Mas estamos a falar de uma transição que é complexa e o próprio Tooze escava na informação da AGORA para o mostrar com clareza. A agência alemã mostra que redução dos 20% é essencialmente devida à quebra de produção de energia com base em carvão, o que em si constitui uma grande notícia, pois os piores cenários do impacto da guerra da Ucrânia apontavam para o elevado risco da economia alemã poder regressar e sucumbir de novo à necessidade do carvão, dada a decisão política entretanto tomada quanto ao nuclear. O que a agência alemã nos mostra é que esse risco foi superado e, precisamente, a redução dos 20% de emissões se deve à descida da produção de energia com base no carvão.
Se assim é, porquê então o ceticismo quando aos rumos efetivos da transição energética alemã?
A pergunta seguinte a fazer é esta: como é que a economia alemã evoluiu em matéria de renováveis? O ano de 2023 trouxe um novo recorde na produção de energia solar, mas a Alemanha, tal como outros países do Norte, não dispõe do mesmo potencial de exposição solar que, por exemplo, as economias do sul. Isso explica a relevância das fontes de energia eólica. Nesta matéria, a economia alemã registou também um número recorde, mas existe evidência de que sobretudo nos länder mais abastados a energia eólica tem suscitado resistências dado o seu forte impacto paisagístico. O ritmo a que a produção de energia eólica tem evoluído não é todo satisfatório, se pensarmos nas metas de 2030 e 2050 em matéria de emissões.

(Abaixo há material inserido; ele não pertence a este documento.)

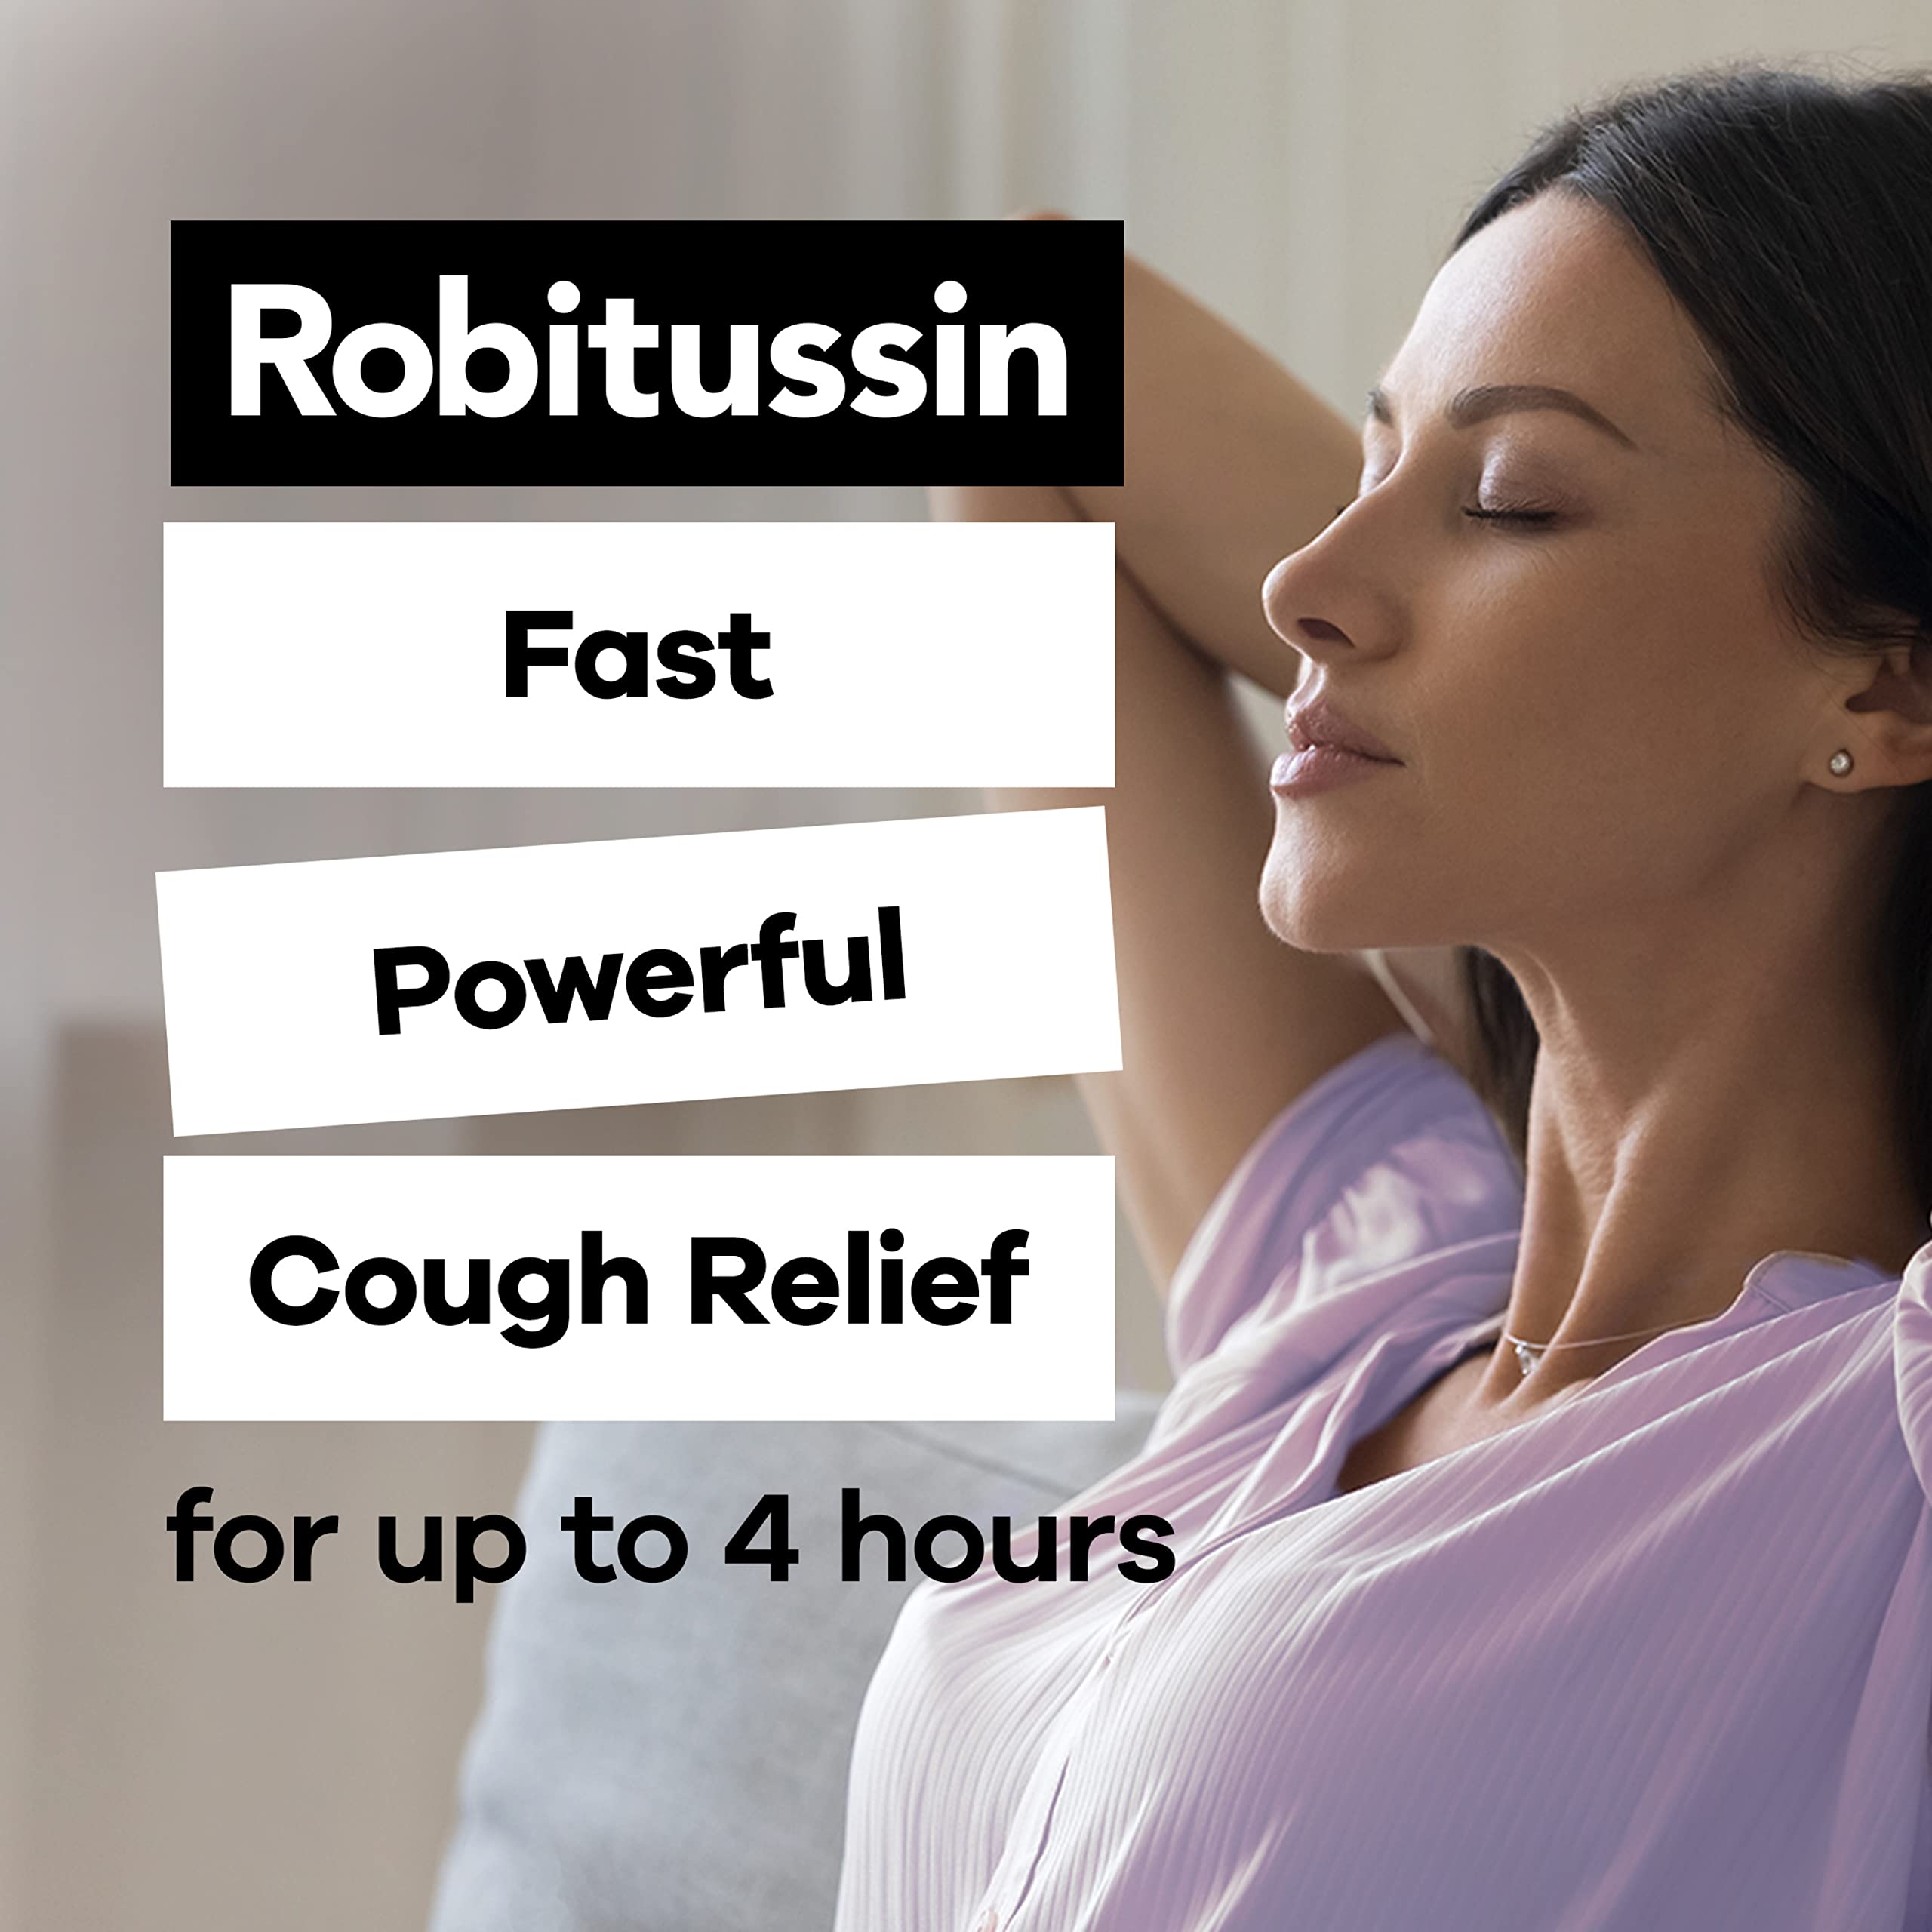 Robitussin Maximum Strength Elderberry Cough Plus Chest Congestion DM, Cough Suppressant for Adults, Providing Non Drowsy Liquid Cough and Chest Congestion Relief - 2x8 Fl Oz

Mas onde a evidência fornecida pela agência alemã é muito rica de implicações respeita à decomposição da redução dos 20% de emissões em componentes explicativas. E aí uma ponta de pessimismo impera. As evidências que se destacam são as seguintes: (i) observou-se uma significativa diminuição de procura de energia; (ii) aumentou a importação de energia de países vizinhos com 46% com origem em energia eólica e hídrica e 24% de nuclear e diminui a exportação de energia alemã; (iii) verificou-se apenas um fraco aumento de produção de energia renovável, (iv) observou-se uma clara diminuição das emissões provenientes da indústria e isso porque a produção industrial de setores intensivos em energia diminuiu acentuadamente e (v) apenas se verificou uma redução de 5 milhões de toneladas com origem em eficiência energética.
Deparei com uma evidência adicional que me deixou surpreendido. O parque automóvel alemão é francamente pobre em matéria de veículos elétricos totais e de veículos plug-in ou híbridos. O gráfico que abre este post é uma evidência contundente. Se ainda tivesse dúvidas quanto à debilidade da penetração dos elétricos na Europa, os dados da Alemanha dissipam qualquer dúvida.
Para terminar uma moral da história.
Não chega seguir com atenção a redução de emissões de gases com efeito de estufa. É necessário compreender o que está por detrás dessa redução. Se é positivo que a economia alemã tenha resistido ao regresso ao carvão, a evolução estrutural que está a ser observada não permite ainda considerar que a transição energética esteja ganha e consolidada. E, para mais, a ameaça da desindustrialização precoce continua a pairar sobre a economia alemã e esse é tema para outras reflexões. A transição energética, não estando consolidada, arrisca-se a ser um dos grandes temas das eleições de 2025. Mas até lá ainda teremos um infernal 2024 de outras eleições.
[1] Aproveito para saudar, ainda que tardiamente, a referência do meu colega de bloque à obra de Sylvie Kauffmann “Les Aveuglés – comment Berlin et Paris ont laissé la voie libre à la Russie (Stock, 2023). A leitura é fascinante, sobretudo do ponto de vista do ponto de vista ilusório com que a progressiva tentativa de normalização de Putin e da sua Rússia imperial foi construída.